For the purposes of applying the four-week rule, the fact that inadequate notice has been given is ignored. The four weeks will start to run from the date on which employment under the contract ends and not from the date on which termination/dismissal would have taken effect if adequate notice had been given.

Special rules

There are special rules that apply to school and college staff. These rules are set out in the Redundancy Payments Modification Order. The effect of the order is to deem subsequent employment with a body named in it as continuing employment. Therefore, where an employee receives an offer of new employment from a Modification Order body there is no dismissal and no entitlement to redundancy pay unless:

  • the offer of new employment with the Modification Order body is made after the old employment is terminated, or
  • the new employment is due to start more than four weeks after the old employment is terminated.
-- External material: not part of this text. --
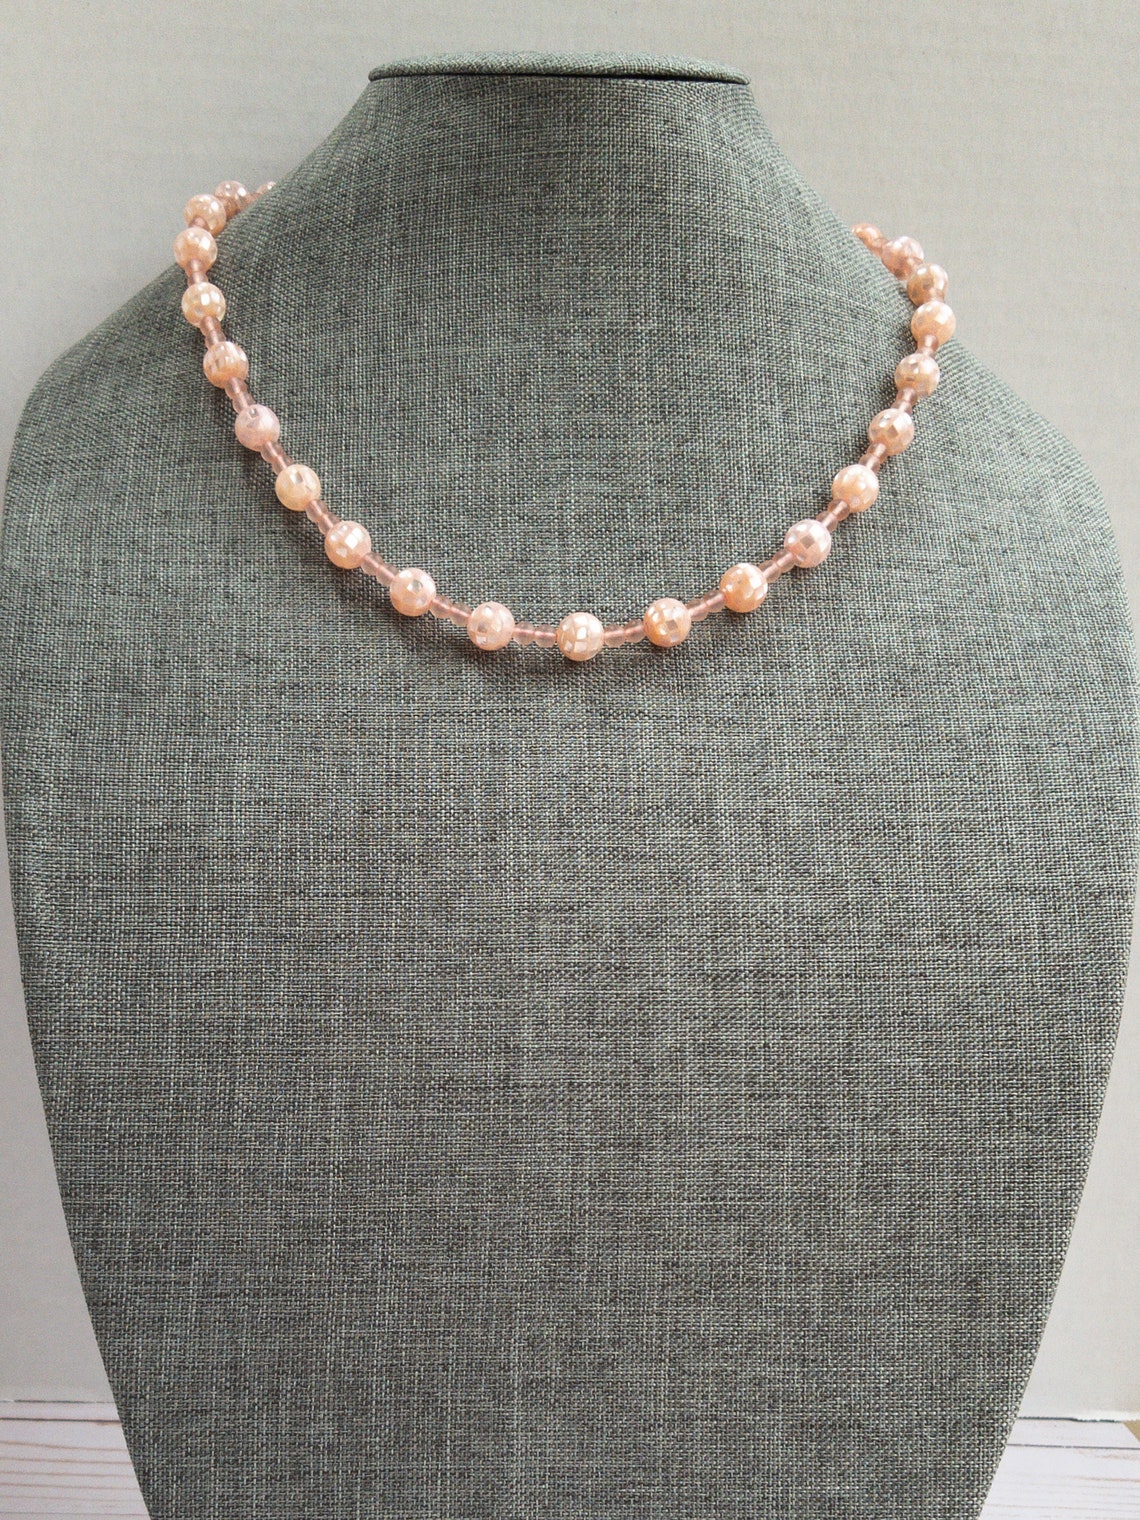 Pink Shell Bead Necklace, Pink Glass Bead Necklace, Spring Necklace ...

Where the four-week rule has been triggered

If you have received an offer of suitable alternative employment before your old job terminates, and the new job is due to start within four weeks of the old one ending, you may negotiate either a new start date which begins more than four weeks after the termination of your old job or an earlier termination date. From a practical point of view, it would be sensible, where possible, to seek to negotiate an early termination date that coincides with a period of school closure (e.g. 1 August or 24 December).

Furthermore, you are entitled to a four-week trial period (not to be confused with the four-week rule) to assess the suitability of a new job, where it differs wholly or partly from your previous employment, without losing your entitlement to redundancy pay.

Where job is unsuitable after a trial period

If you believe your new job to be ‘unsuitable’ you may give your employer notice to terminate your contract during the trial period. If your employer agrees that the new job is unsuitable, you will be treated as having been dismissed on the date on which your employment under the previous contract ended. The reason for dismissal is then treated as the reason for which you were originally dismissed (i.e. redundancy) and your right to a redundancy payment will be preserved. Entitlement to redundancy pay will be lost only if the new job is suitable and you act unreasonably in refusing it.

From a practical point of view it may be sensible if you wish to undergo a trial period to inform your employer in writing about any doubts you have as to the suitability of the new job. This may avoid any conflict later on as to the reasonableness or otherwise of your refusal to continue in employment under the new contract.

Reasonable grounds for refusing suitable alternative employment

It will depend on the particular facts in each case, but matters which the courts have said may give rise to a reasonable refusal include a perceived loss of status; a longer travelling time to work; different skill requirements; and apparently reasonable hours which prevent you from meeting childcare obligations.

What if I want the new job on offer, but am unsure about its suitability?

As indicated above, you are entitled to a four-week trial period to assess the job’s suitability, but only if the terms and conditions of your new contract of employment differ from the previous contract.

The trial period will normally end four weeks after employment under the new contract begins, unless a longer trial has been agreed. In this context, four weeks means four consecutive calendar weeks.

Can I extend my trial period?

An agreement to extend the trial period can be negotiated, but it must:

  • be made between you and your employer before you start work under the new contract
  •  be in writing
  • specify the date on which the trial period ends, and
  • specify the terms and conditions of employment which will apply to you after the end of the trial period.